- Data for analysis
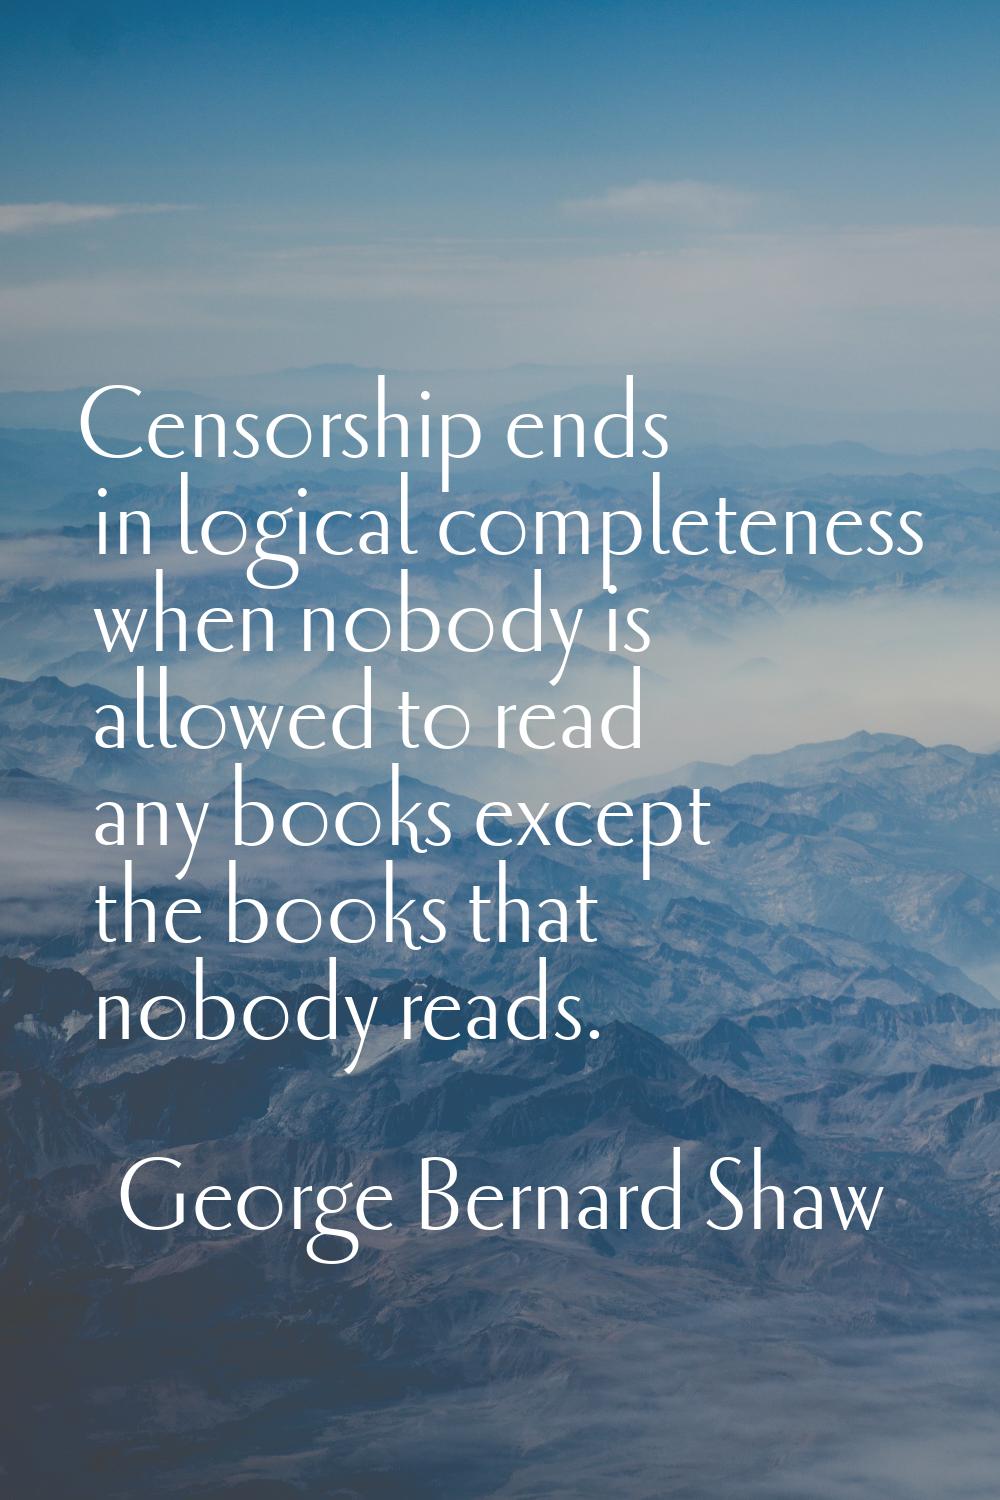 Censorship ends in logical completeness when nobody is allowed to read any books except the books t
==
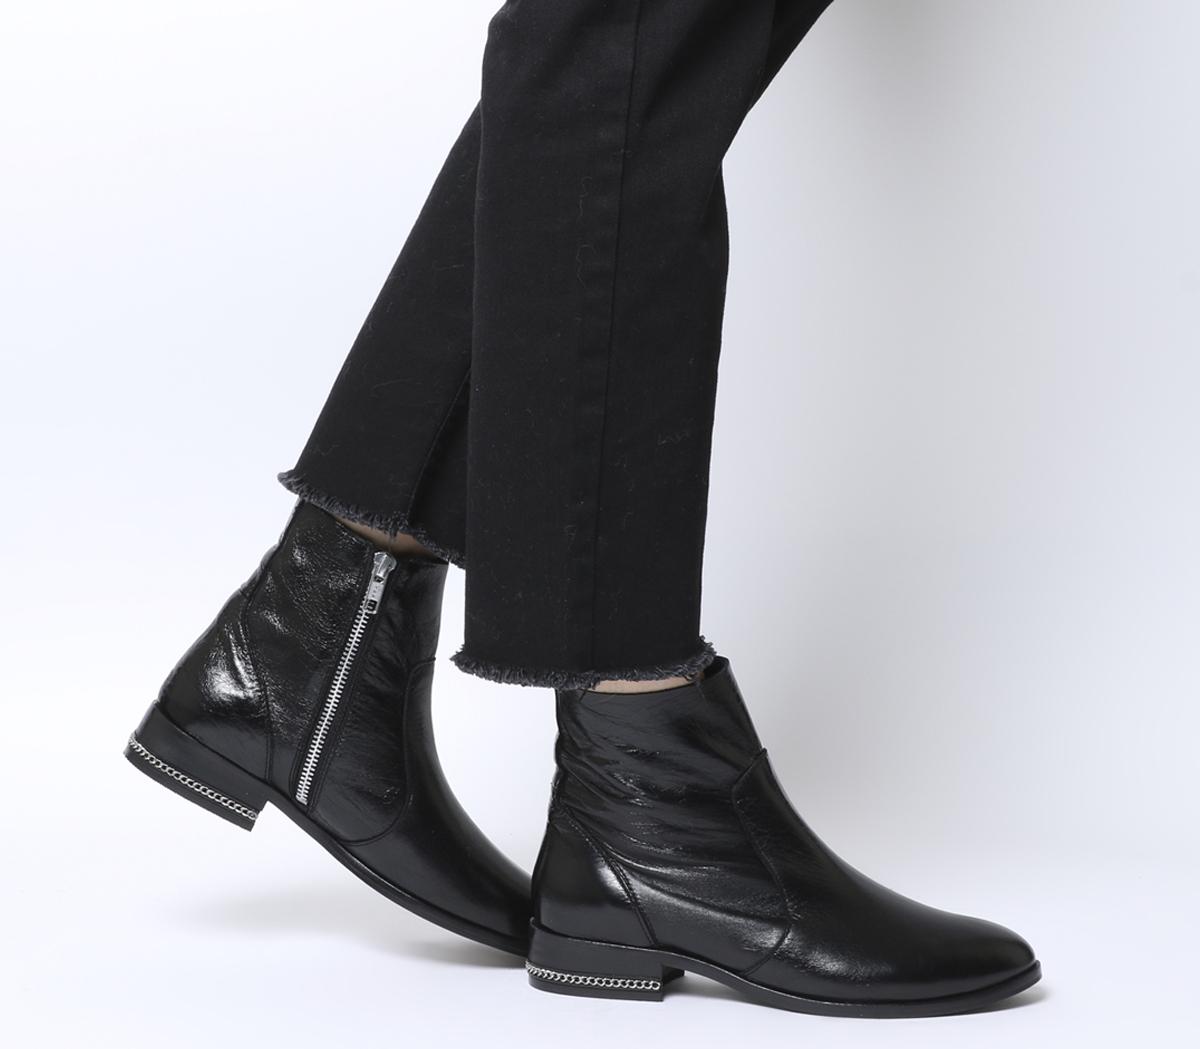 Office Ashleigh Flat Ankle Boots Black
==
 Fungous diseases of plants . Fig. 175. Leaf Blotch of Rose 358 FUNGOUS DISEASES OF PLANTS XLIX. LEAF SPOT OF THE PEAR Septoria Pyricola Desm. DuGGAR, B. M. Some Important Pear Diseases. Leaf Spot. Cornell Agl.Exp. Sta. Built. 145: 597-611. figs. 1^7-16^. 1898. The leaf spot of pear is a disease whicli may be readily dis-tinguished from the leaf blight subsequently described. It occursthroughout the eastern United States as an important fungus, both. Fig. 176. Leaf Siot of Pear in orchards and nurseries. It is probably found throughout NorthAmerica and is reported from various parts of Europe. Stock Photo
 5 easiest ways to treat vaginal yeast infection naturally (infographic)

- Work request
An exact, complete copy of the lines above from the one with "Fungous diseases of plants ." through the one with "5 easiest ways" is the whole answer.

- Task result
 Fungous diseases of plants . Fig. 175. Leaf Blotch of Rose 358 FUNGOUS DISEASES OF PLANTS XLIX. LEAF SPOT OF THE PEAR Septoria Pyricola Desm. DuGGAR, B. M. Some Important Pear Diseases. Leaf Spot. Cornell Agl.Exp. Sta. Built. 145: 597-611. figs. 1^7-16^. 1898. The leaf spot of pear is a disease whicli may be readily dis-tinguished from the leaf blight subsequently described. It occursthroughout the eastern United States as an important fungus, both. Fig. 176. Leaf Siot of Pear in orchards and nurseries. It is probably found throughout NorthAmerica and is reported from various parts of Europe. Stock Photo
 5 easiest ways to treat vaginal yeast infection naturally (infographic)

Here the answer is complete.